Django Paris is Associate Professor of Language and Literacy and Core Faculty in the African American and African Studies Program at Michigan State University. In January 2018, he will join the faculty at the University of Washington, Seattle, as the Director of the Banks Center for Educational Justice.

H. Samy Alim is Professor of Anthropology and African American Studies at the University of California, Los Angeles.

LF: You make a distinction between culturally relevant pedagogy and culturally sustaining pedagogy. Can you say more about those differences?

Django Paris and H. Samy Alim:

This is an important question, one we have of course thought deeply about. In order to explore this question we’ll need to first define culturally sustaining pedagogy: CSP seeks to perpetuate and foster—to sustain—linguistic, literate, and cultural pluralism as part of schooling for positive social transformation and revitalization. CSP positions dynamic cultural dexterity as a necessary good, and sees the outcome of learning as additive, rather than subtractive, as remaining whole rather than framed as broken, as critically enriching strengths rather than replacing deficits. Culturally sustaining pedagogy exists wherever education sustains the lifeways of communities who have been and continue to be damaged and erased through schooling. As such, CSP explicitly calls for schooling to be a site for sustaining—rather than eradicating—the cultural ways of being of communities of color.

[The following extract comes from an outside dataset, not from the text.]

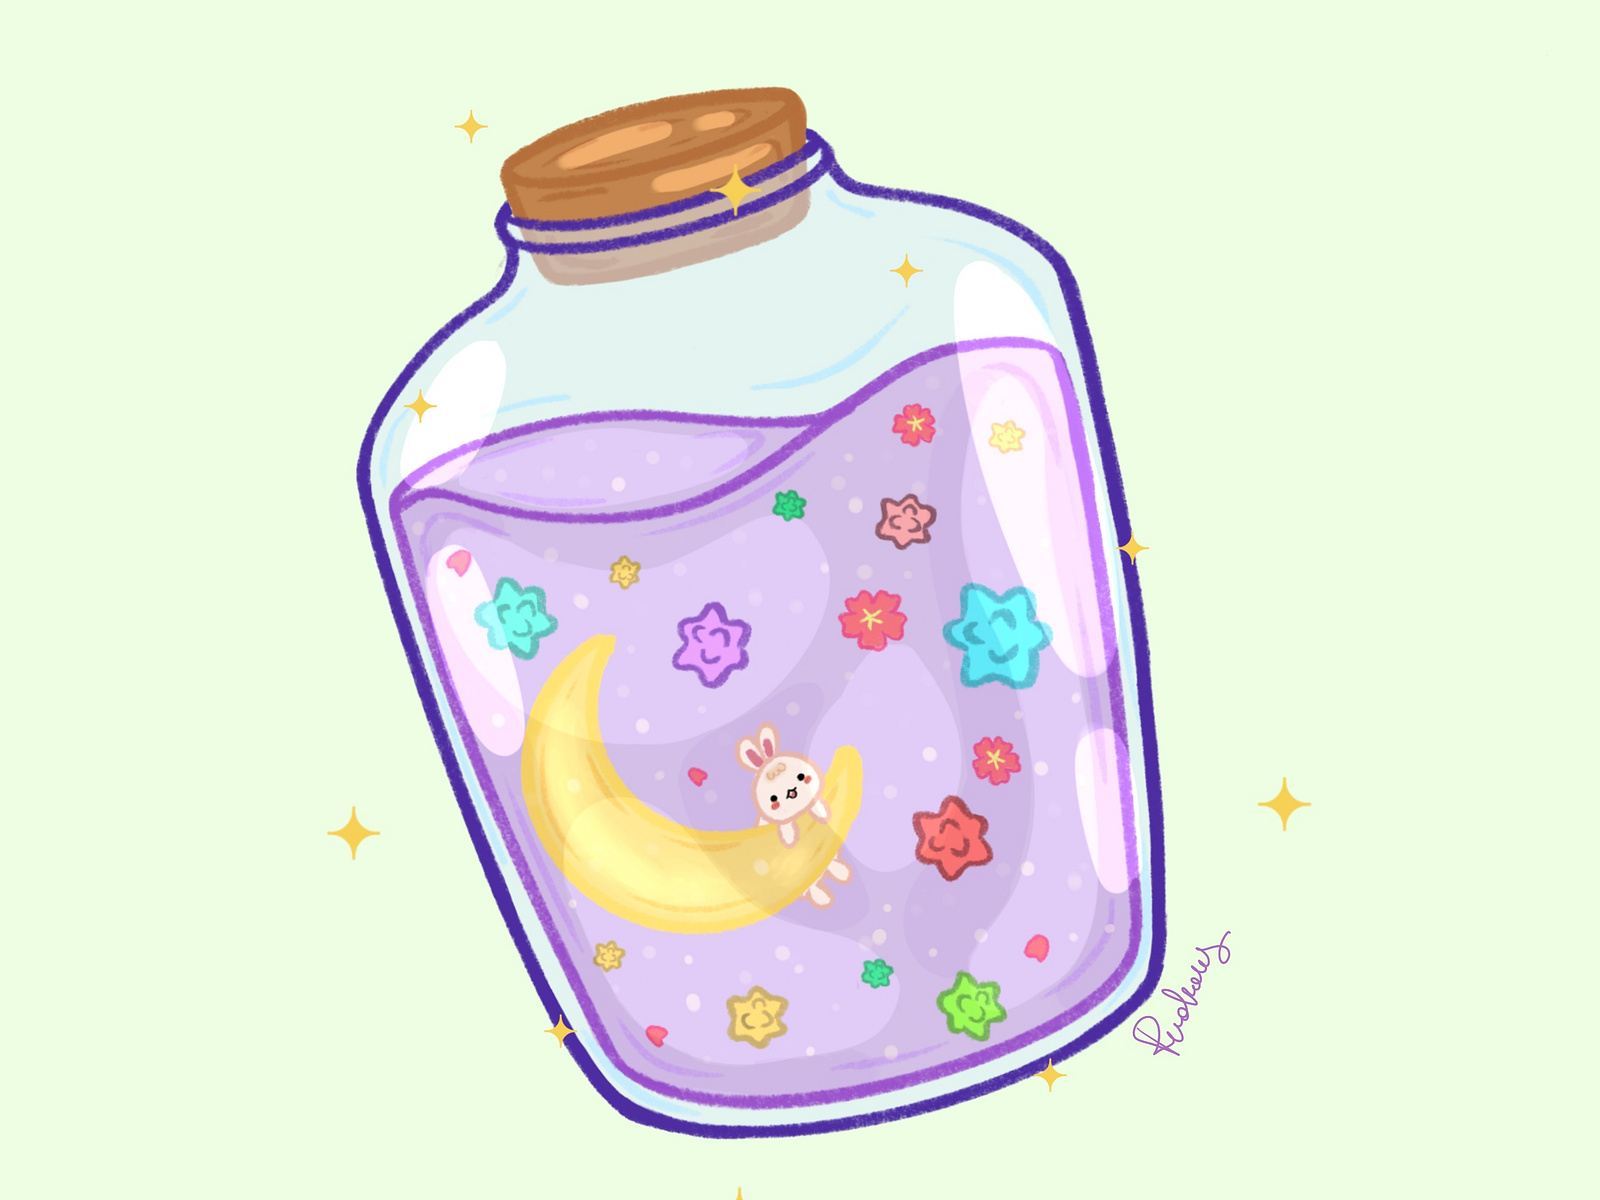 Cute poison by Elena on Dribbble

CSP builds on decades of crucial asset-based pedagogical research that has countered pervasive deficit approaches to prove that our practices and ways of being as students and communities of color are legitimate and should be included meaningfully in classroom learning. Whether explicitly stated or not, this tradition of asset-based pedagogical research has fought against persistent, ongoing beliefs in White superiority and the systemic racism they engender.

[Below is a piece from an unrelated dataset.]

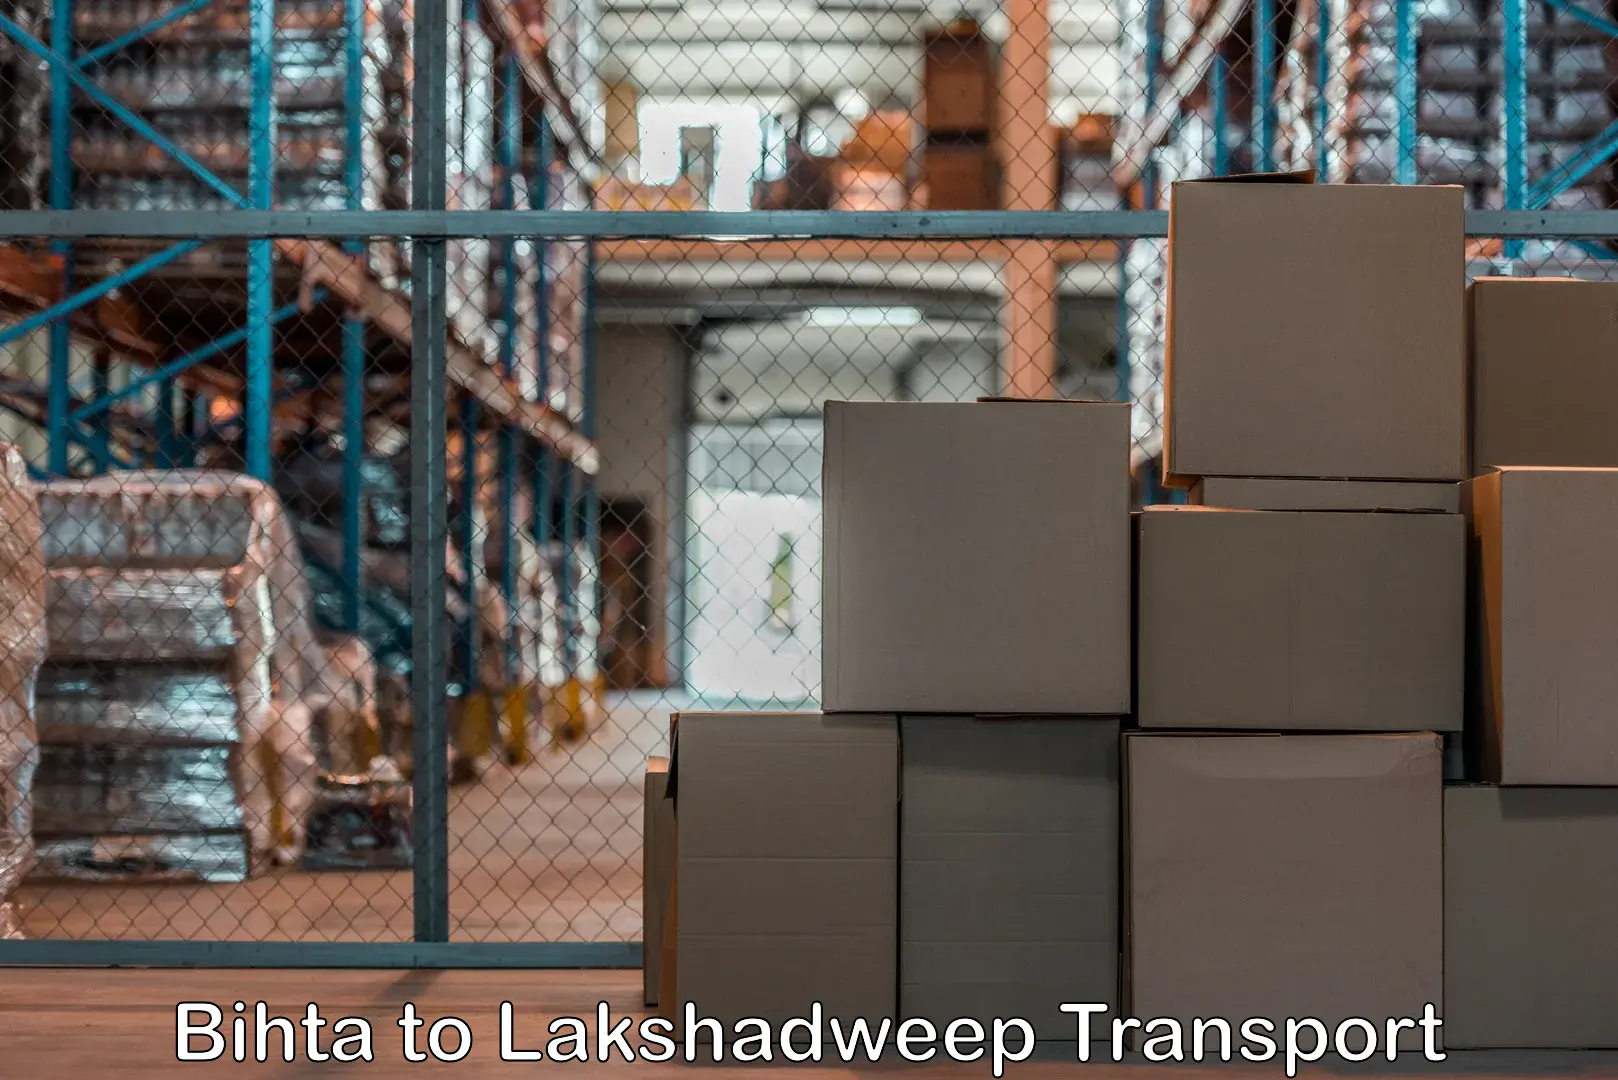 Goods delivery service Bihta to Lakshadweep

In the past 25 years, this research has importantly included work on the funds of knowledge (Luis Moll, Norma Gonzalez and their collaborators), the third space (Kris Gutiérrez and her collaborators), cultural modeling (Carol Lee), and, to your question, Gloria Ladson-Billings’ seminal conception of culturally relevant pedagogy. Indeed, Ladson-Billings (2014) wrote in her recent article in the “Harvard Educational Review” that “culturally sustaining pedagogy uses culturally relevant pedagogy as the place where the ‘beat drops’"; it does “not imply that the original was deficient” but rather speaks “to the changing and evolving needs of dynamic systems " (p. 76). It is these changing and evolving demographic, cultural, and social needs coupled with the persistence and even increase of deficit-framed policies and practices that make a more explicit commitment to sustaining the valued practices and ways of being of students and communities of color so necessary in the current moment.

For us, then, it is not so much about distinctions between CSP and CRP, but rather about the ways CSP can contribute to the ongoing work of educational justice that CRP and other asset pedagogies have forwarded. CRP continues to guide our work, even as we continue to develop needed pedagogical theory and practice.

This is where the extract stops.